NMR TEST
The most powerful technique for determining the structure of organic compounds is nuclear
magnetic resonance spectroscopy (NMR). The physical phenomenon of nuclear magnetic
resonance (NMR) occurs when nuclei in a magnetic field absorb and re-emit electromagnetic
radiation. This energy has a specific resonance frequency that is determined by the strength
of the magnetic field.NMR spectroscopy determines the physical and chemical properties of atom
PROTON NMR(1H)
Proton nuclear magnetic resonance spectrum gives the information about that number of protons are present and their chemical environment in the compound
D2O Exchange
D2O Exchange 1H NMR spectrum is very helpful to identify the exchangeable protons(-COOH,-OH,-NH,-CONH-,-SH) as these protons are disappeared due to conveting to -COOD,-OD,-ND,-COND,-SD) after adding few drops of D2O to NMR sample solution
CARBON NMR(13C)
13C spectrum gives the information about that number of carbons are present and their chemical environment in the compound
FLUORINE NMR(19F)
19F spectrum gives the information about that number of Fluorines are present and their chemical environment in the compound
PHOSPHORUS NMR(31P)
31P spectrum gives the information about that number of phosphorus are present and their chemical environment in the compound
BORON NMR(11B)
11B spectrum gives the information about that number of Borons are present and their chemical environment in the compound
DEPT(45°,90°,135°)
DEPT(45°,90°,135°) is helpful to identify the number of CH,CH2 and CH3 carbons are present in the compound.

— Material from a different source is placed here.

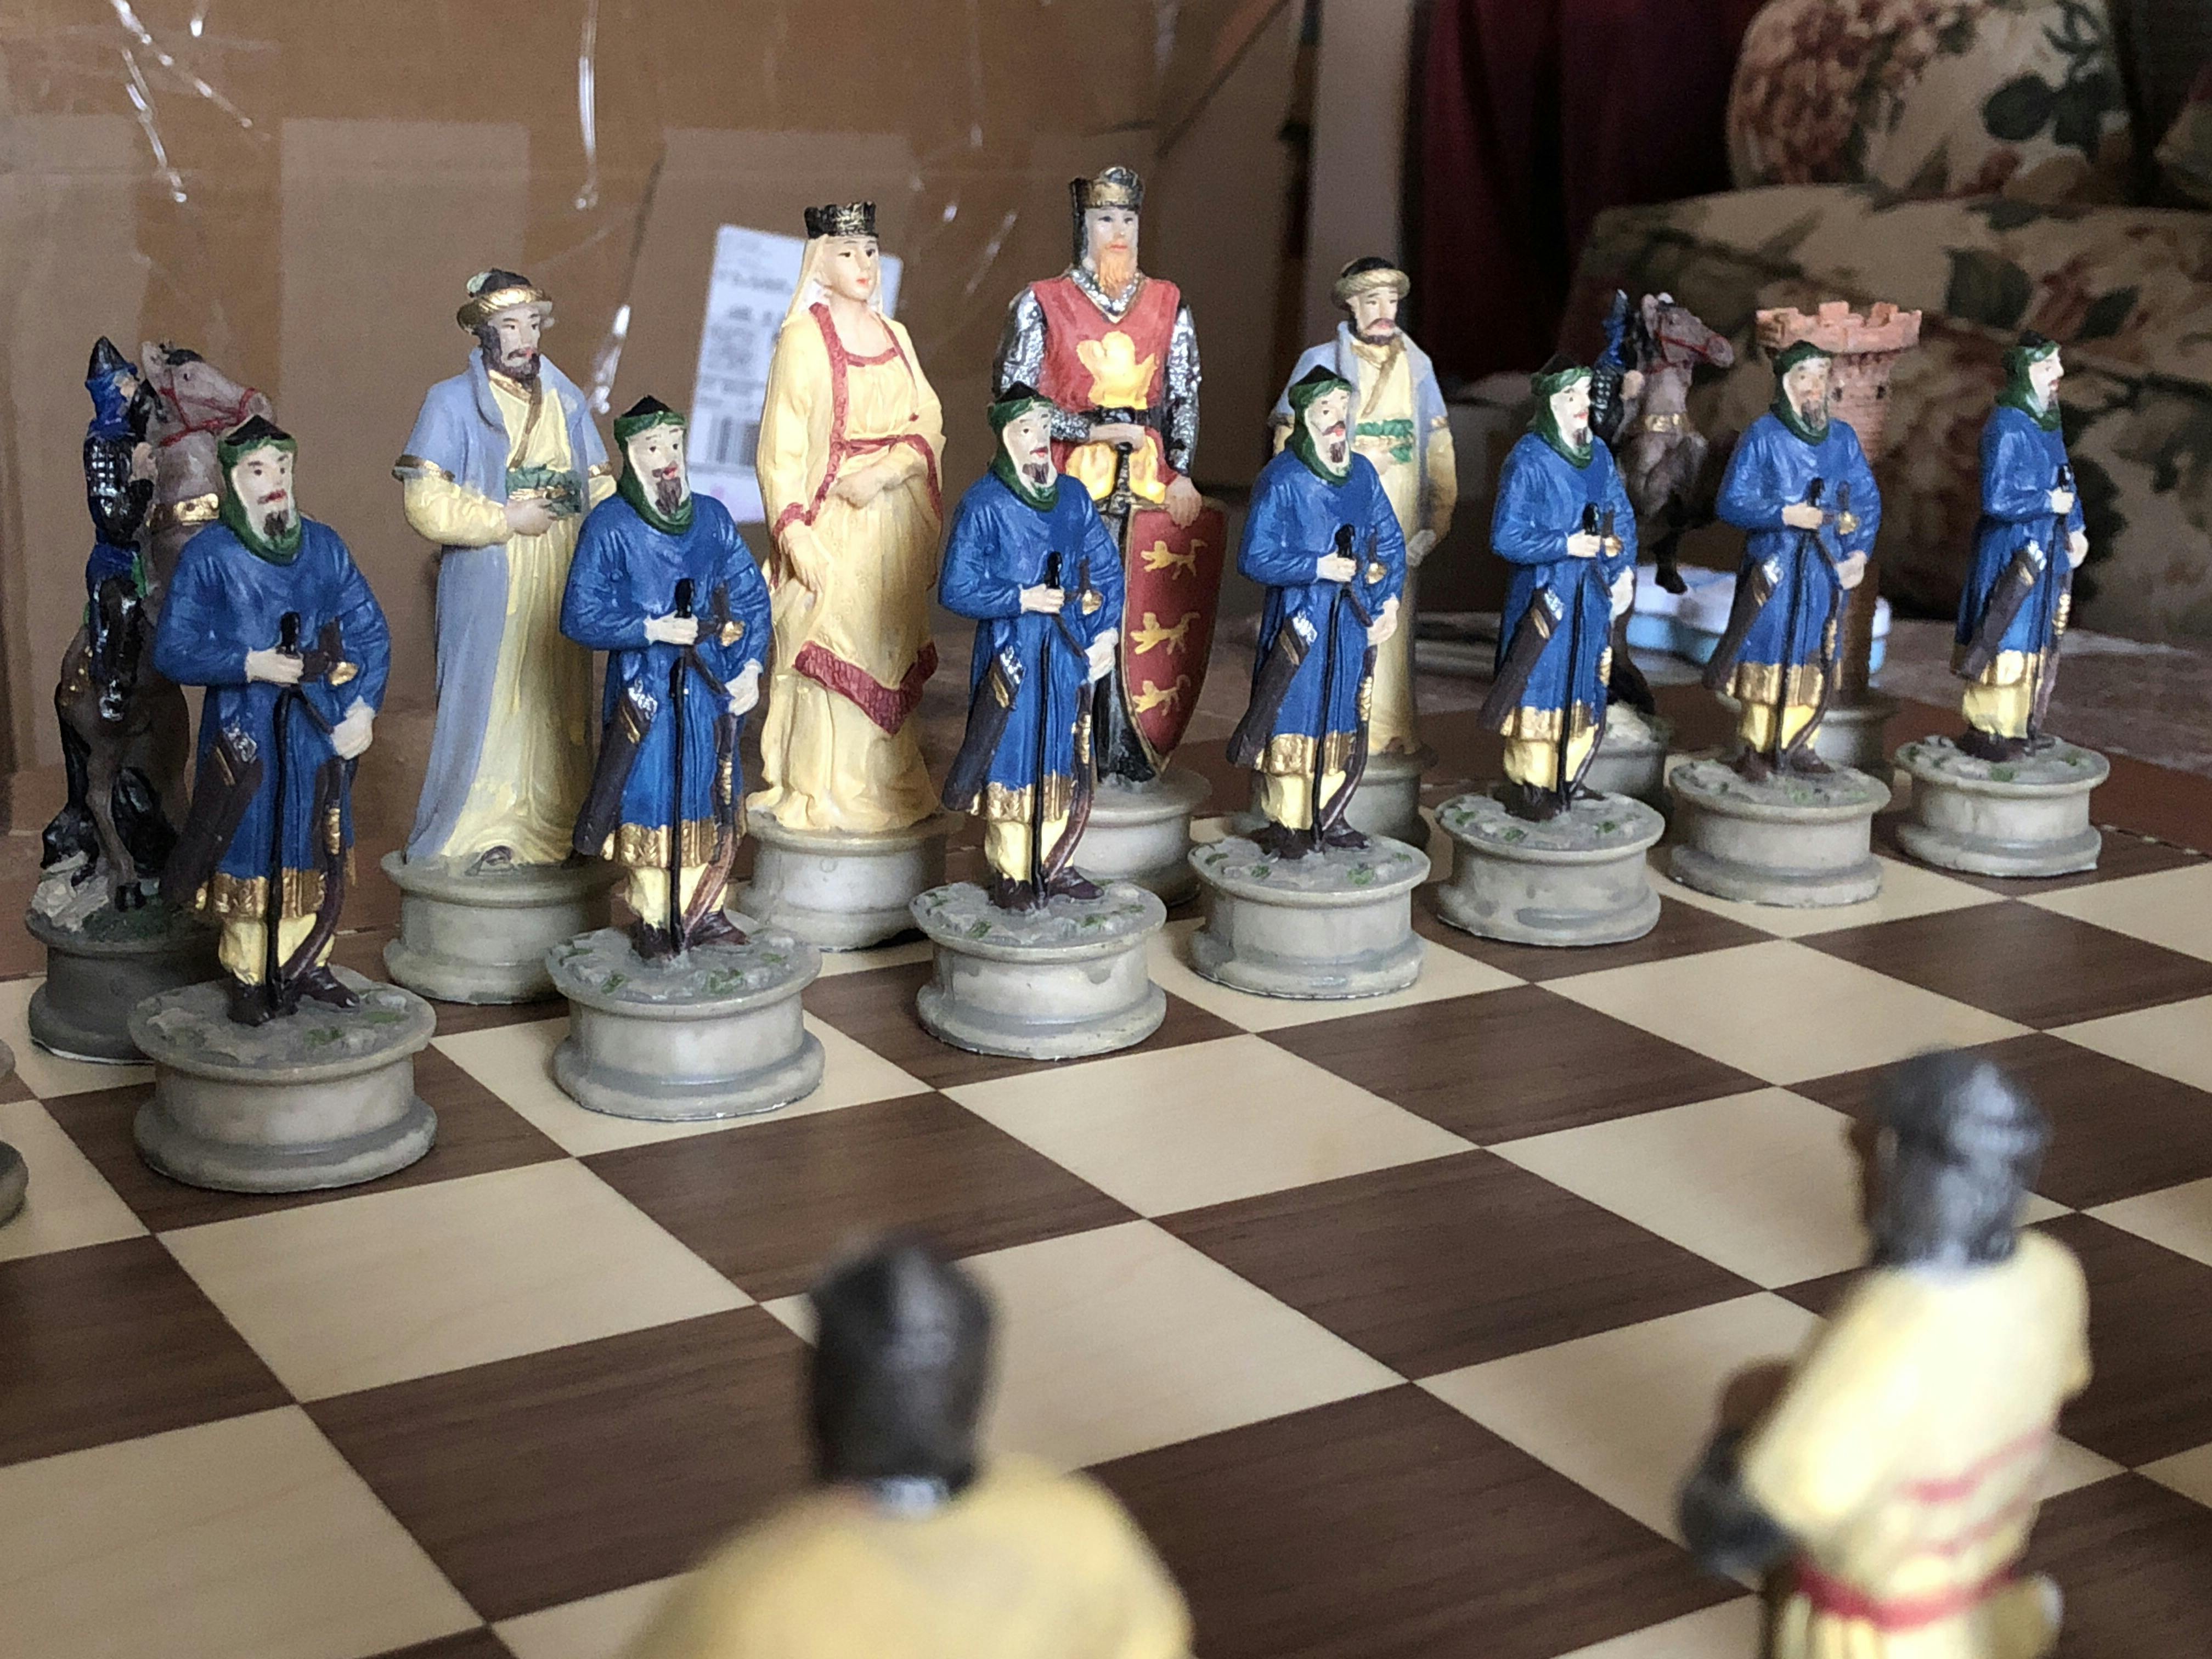 medieval knight chess set

InDEPT 45° , All protonated carbons (CH,CH2,CH3)are detected as positive signals
InDEPT 90, only CH carbons detected as positive signals.
InDEPT 135, CH,CH3 carbons are detected as positive signals and CH2 signals are detected as negative signals
APT
Attached proton test(APT) is helpful to identify the number of CH,CH2,CH3 and quaternary carbons are present in the compound.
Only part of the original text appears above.